Zur Bildung des Saarausschusses siehe Dok. Nr. 226, Anm. 2.

4

Dieser Beschluß über die Einstellung der Saargängerunterstützung wurde von der RReg. in der Ministerbesprechung vom 5. 7. (P. 6) und in der Kabinettssitzung vom 15.7.27 (P. 5) erneut bestätigt. Doch stellte das RMinbesGeb. in den Monaten August bis Oktober in beschränktem Umfang Beihilfen für die Saargänger aus eigenen Haushaltsmitteln zur Verfügung (R 43 I /244 , Bl. 105–108).
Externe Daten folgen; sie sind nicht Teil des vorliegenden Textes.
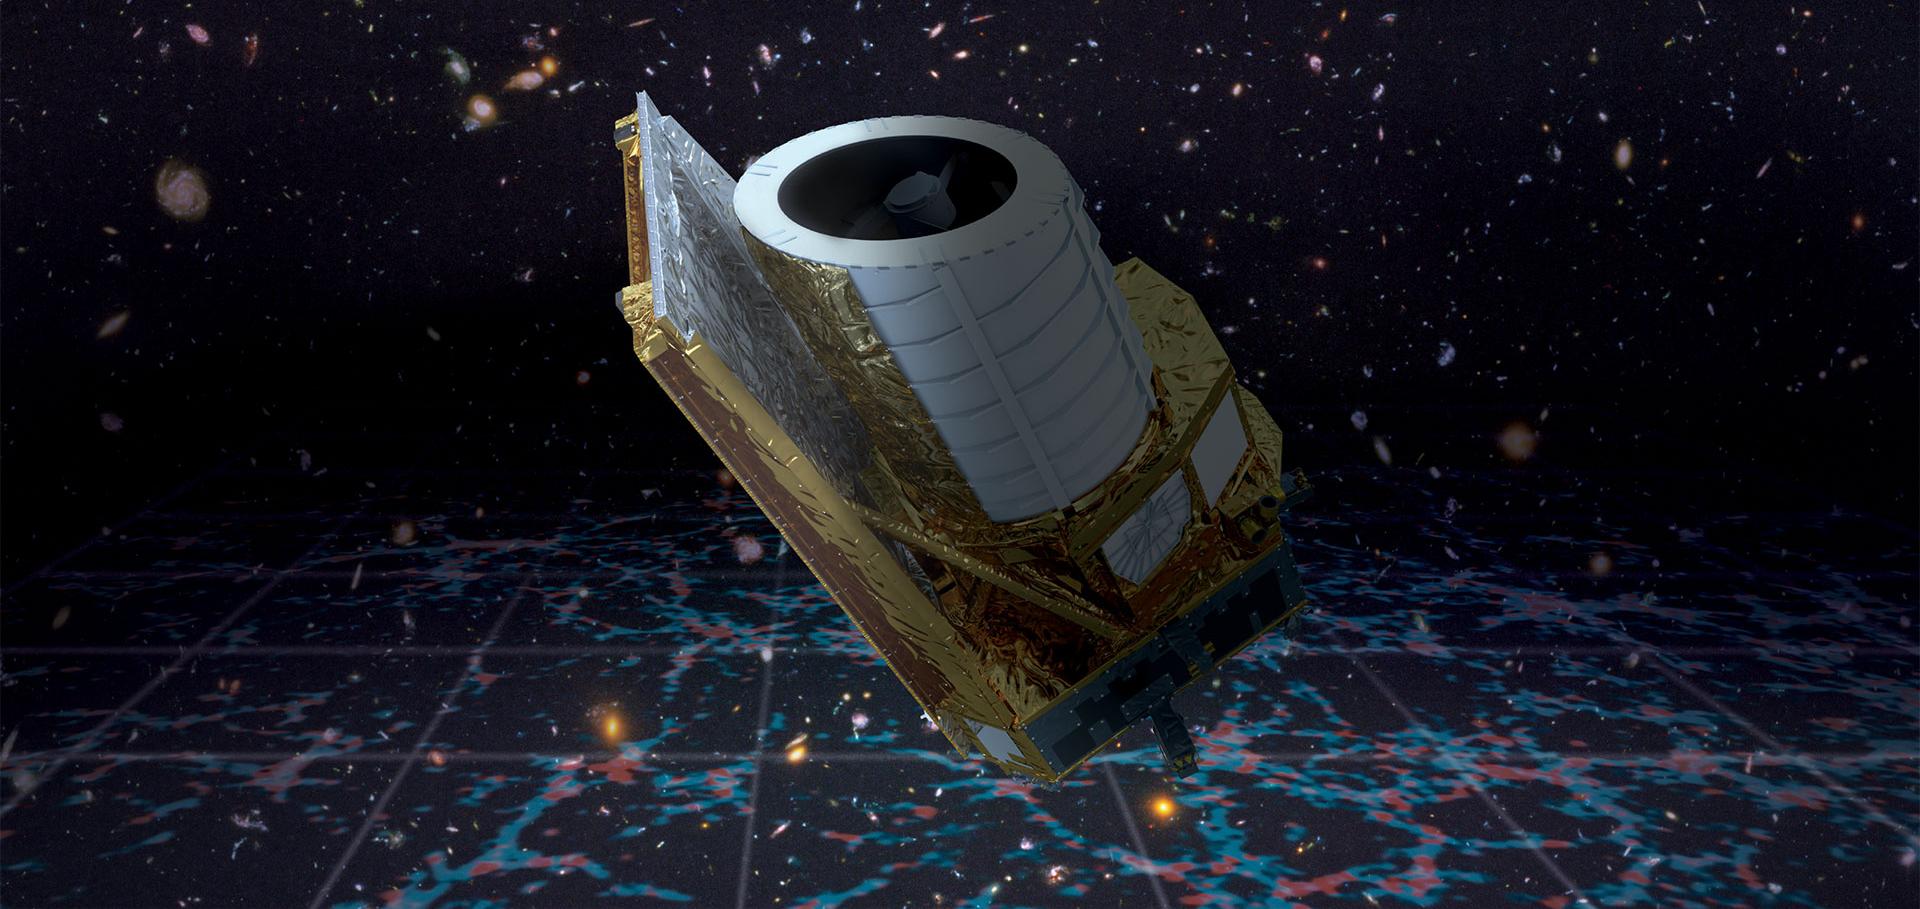 Artist impression of the Euclid mission in space. The spacecraft is white and gold and consists of three main elements: a flat sunshield, a large cylinder where the light from space will enter, and a 'boxy' bottom containing the instruments. 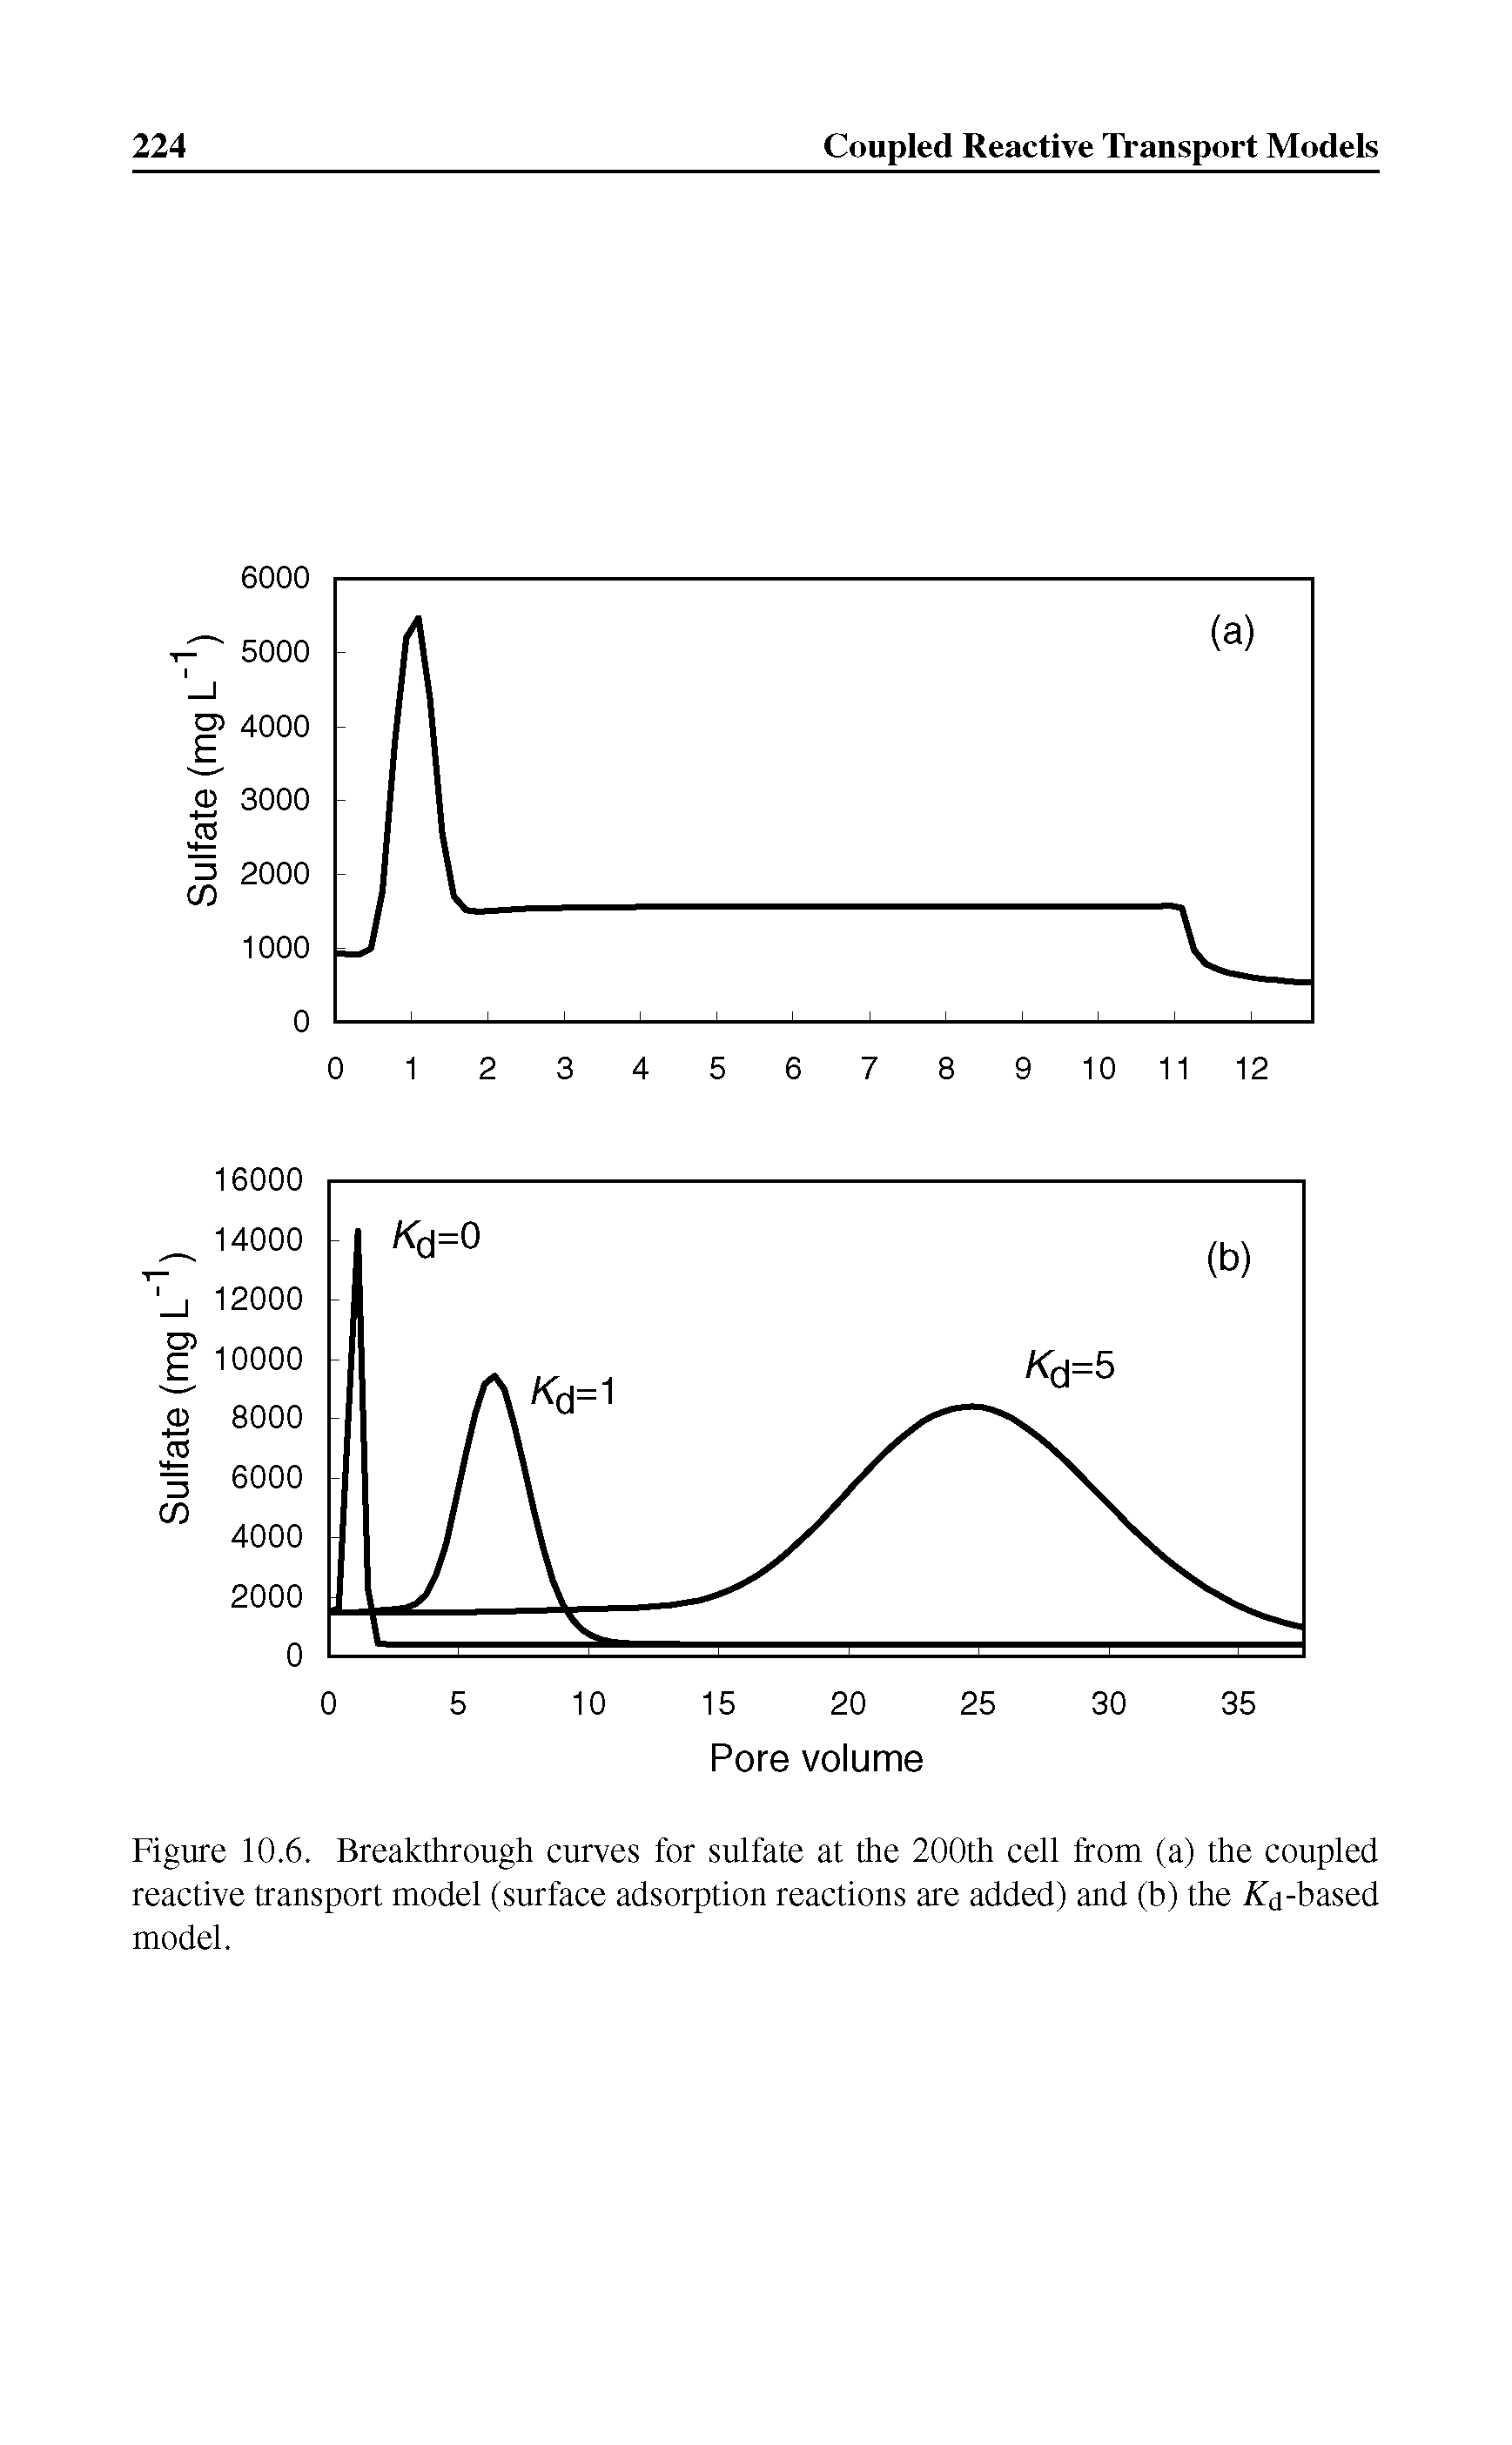 Figure 10.6. Breakthrough curves for sulfate at the 200th cell from (a) the coupled reactive transport model (surface adsorption reactions are added) and (b) the d-based model.

In der Kabinettssitzung vom 18. 10. beschloß die RReg. die Wiedereinführung der Fahrgeldentschädigung für die Saargänger; siehe Dok. Nr. 319, P. 4.

5

Verhandlungen zwischen Vertretern der Regierungskommission des Saargebiets und der RReg. vom 7. bis 20.7.27 in Berlin führten zur Paraphierung einer „Abrede“, die eine Angleichung von Sozialversicherungsleistungen des Saargebiets an diejenigen des Reichs vorsah und die die Zusammenarbeit zwischen den beiderseitigen Versicherungsträgern regelte (RArbM an StSRkei, 12.7.27, R 43 I /244 , Bl. 56–85). Am 13. 10. wurde die Abrede in Heidelberg unterzeichnet. Siehe die „Verordnung über die Abrede zwischen der Deutschen Regierung und der Regierungskommission des Saargebiets über Angelegenheiten der Sozialversicherung des Saargebiets“ vom 27.10.27 (RGBl. II, S. 896 ); Bekanntmachung über das Inkrafttreten der Abrede vom 2.11.27 (RGBl. II, S. 1073 ).

6

Die Verteilung der Notstandsbeihilfe von 6 Mio RM an die Saararbeiter erfolgte durch die Gewerkschaften (Aktenstücke hierzu in R 43  I /244  und 245 ). In der Kabinettssitzung vom 23. 11. beschloß die RReg., einen zusätzlichen Betrag von 300 000 RM zur Verfügung zu stellen; siehe Dok. Nr. 349, P. 8.